* **WHAT NEEDS TO BE DONE**
Skip pictures in the listing below; copy exactly the lines from the one with "美しい女良たちのトイレ事情 有名大学休憩時間の洗面所事情06 乙女" through the one with "Piano cottura induzione 56 cm HOTPOINT - 3", inclusive.

* **SOURCE DATA**

—————

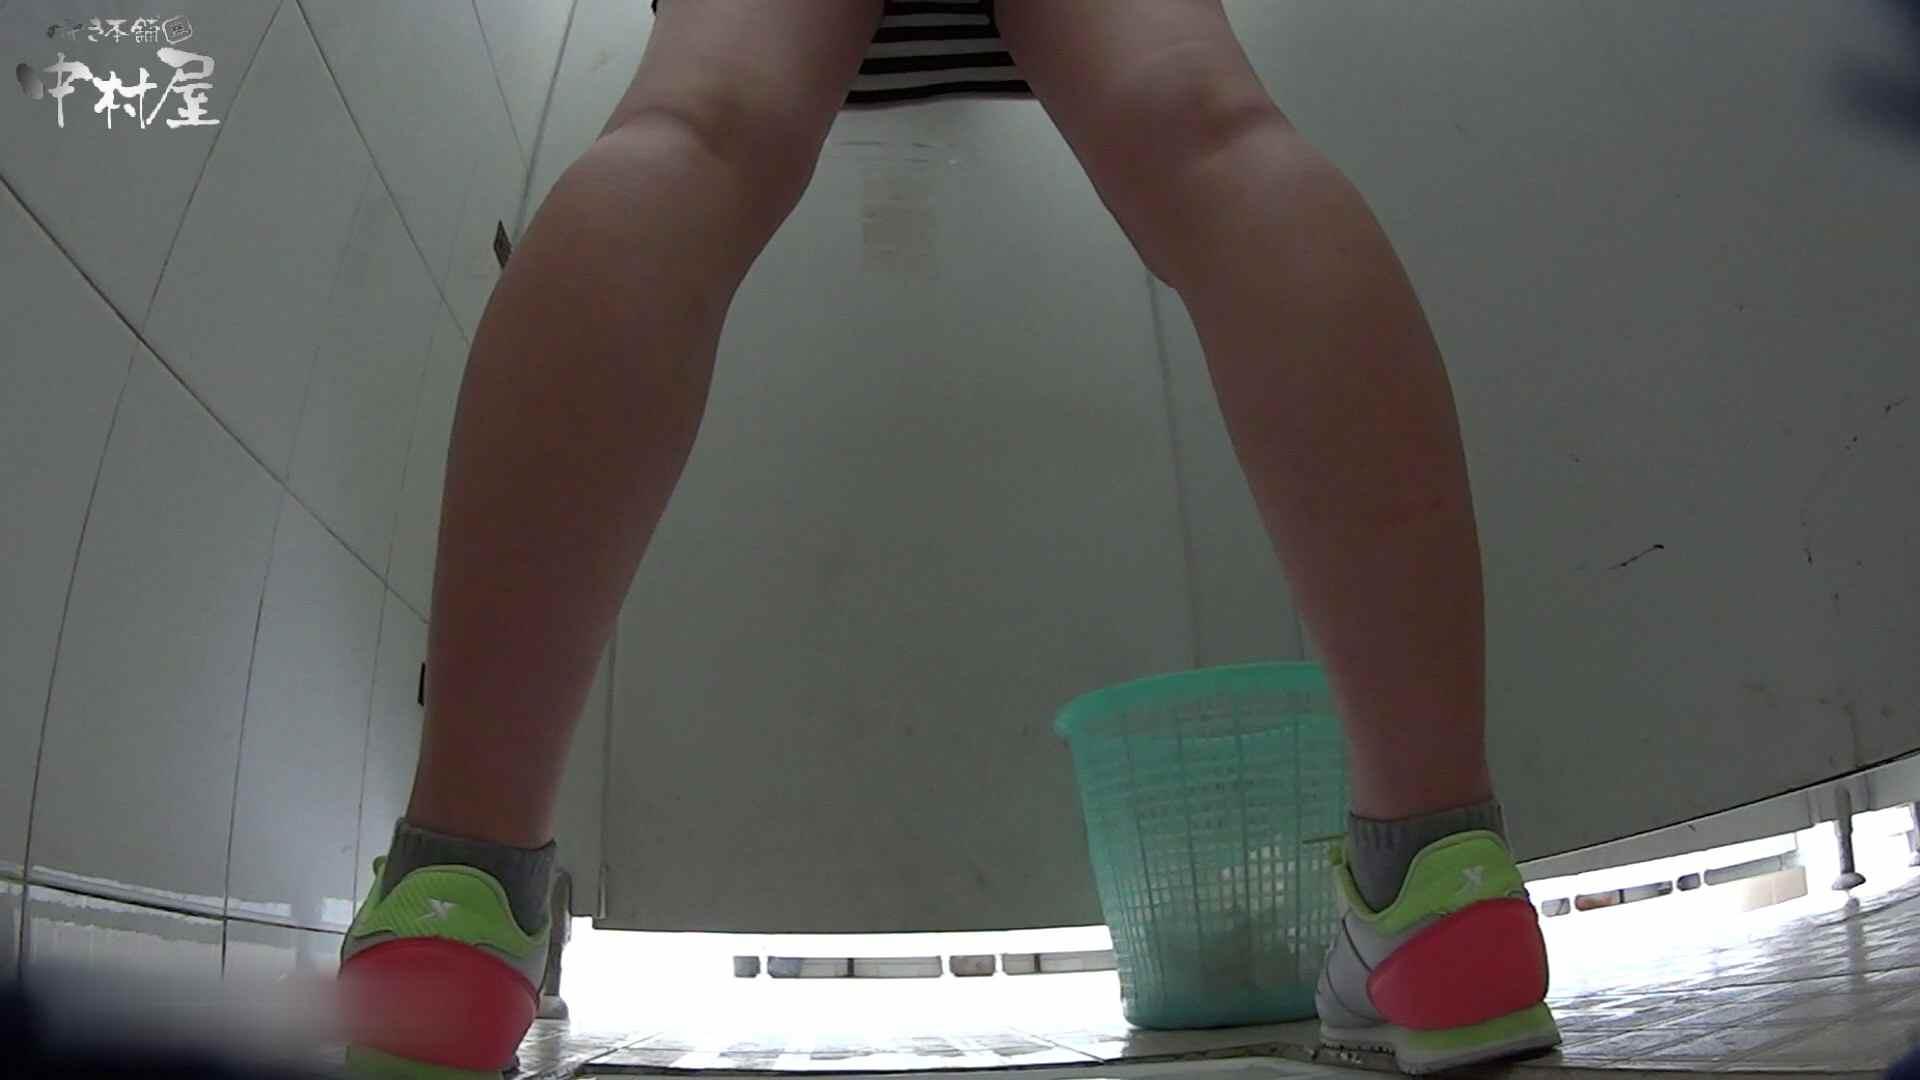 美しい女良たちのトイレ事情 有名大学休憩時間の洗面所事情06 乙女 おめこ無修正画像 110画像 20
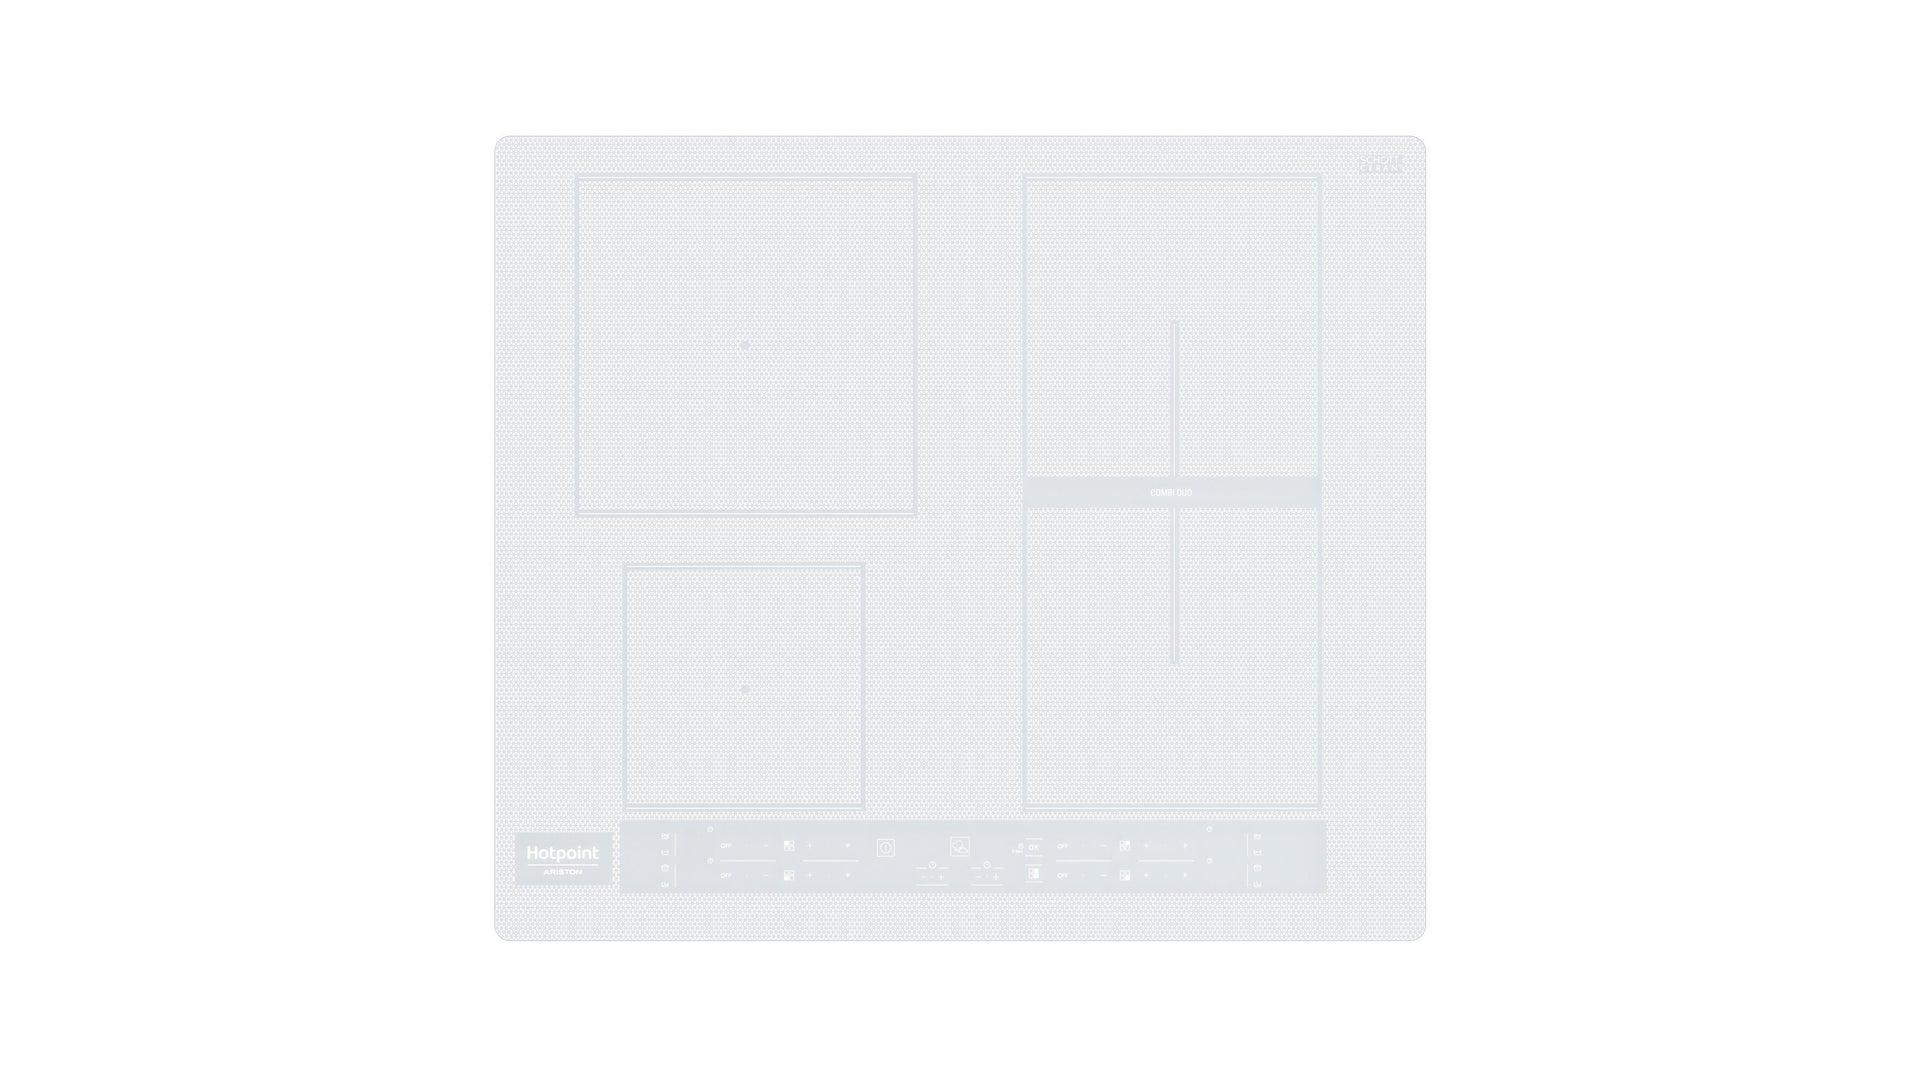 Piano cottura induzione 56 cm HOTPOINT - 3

—————

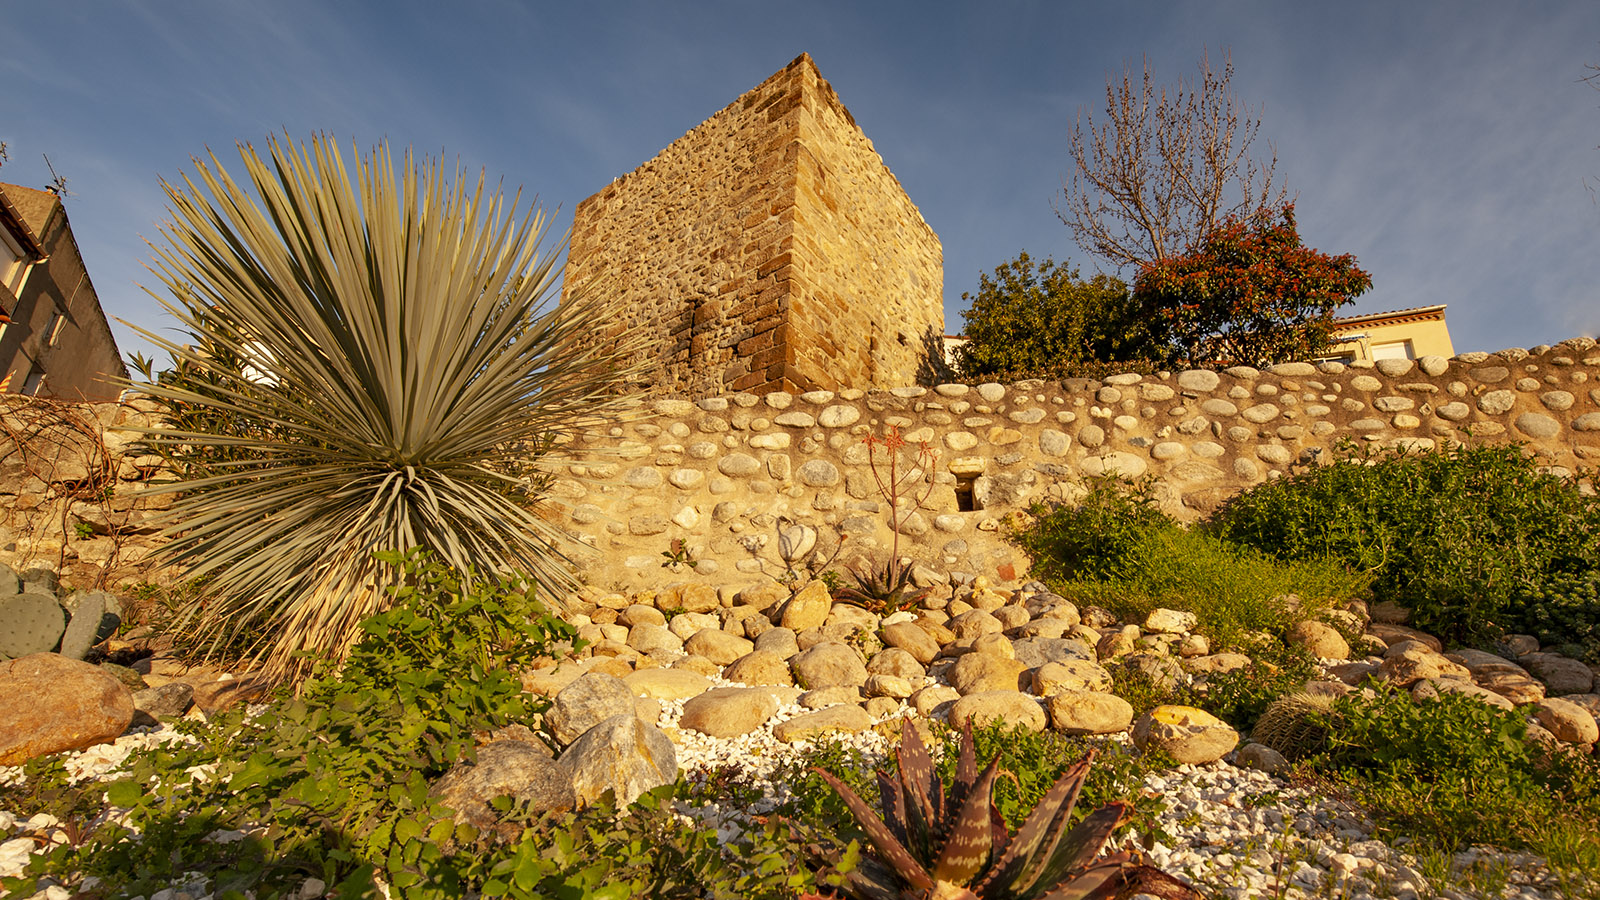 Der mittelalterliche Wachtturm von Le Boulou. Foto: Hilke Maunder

—————

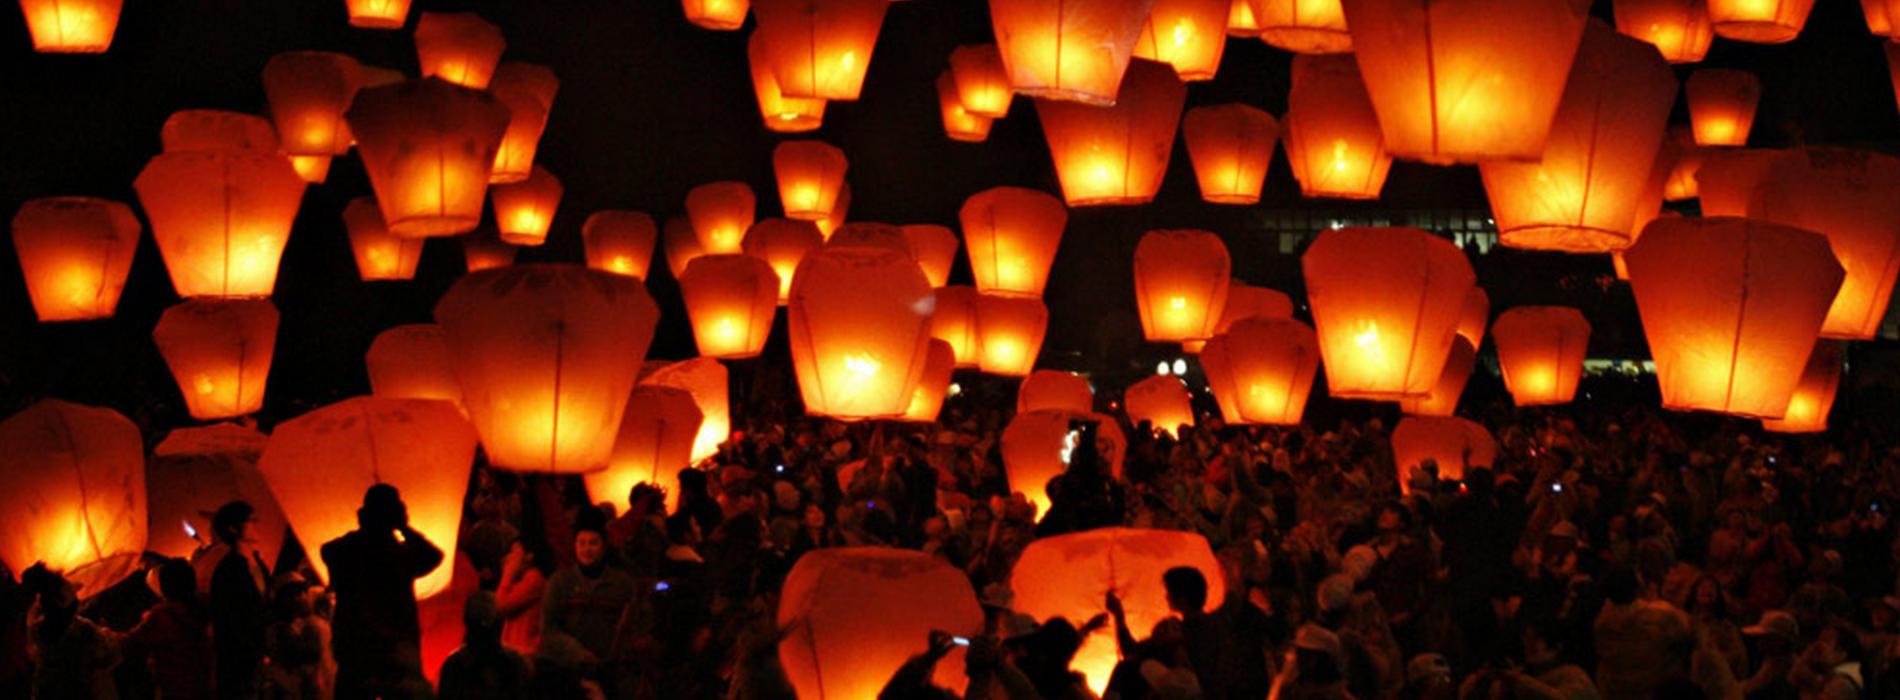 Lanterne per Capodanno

—————

* **OUTPUT**
 美しい女良たちのトイレ事情 有名大学休憩時間の洗面所事情06 乙女 おめこ無修正画像 110画像 20
 Piano cottura induzione 56 cm HOTPOINT - 3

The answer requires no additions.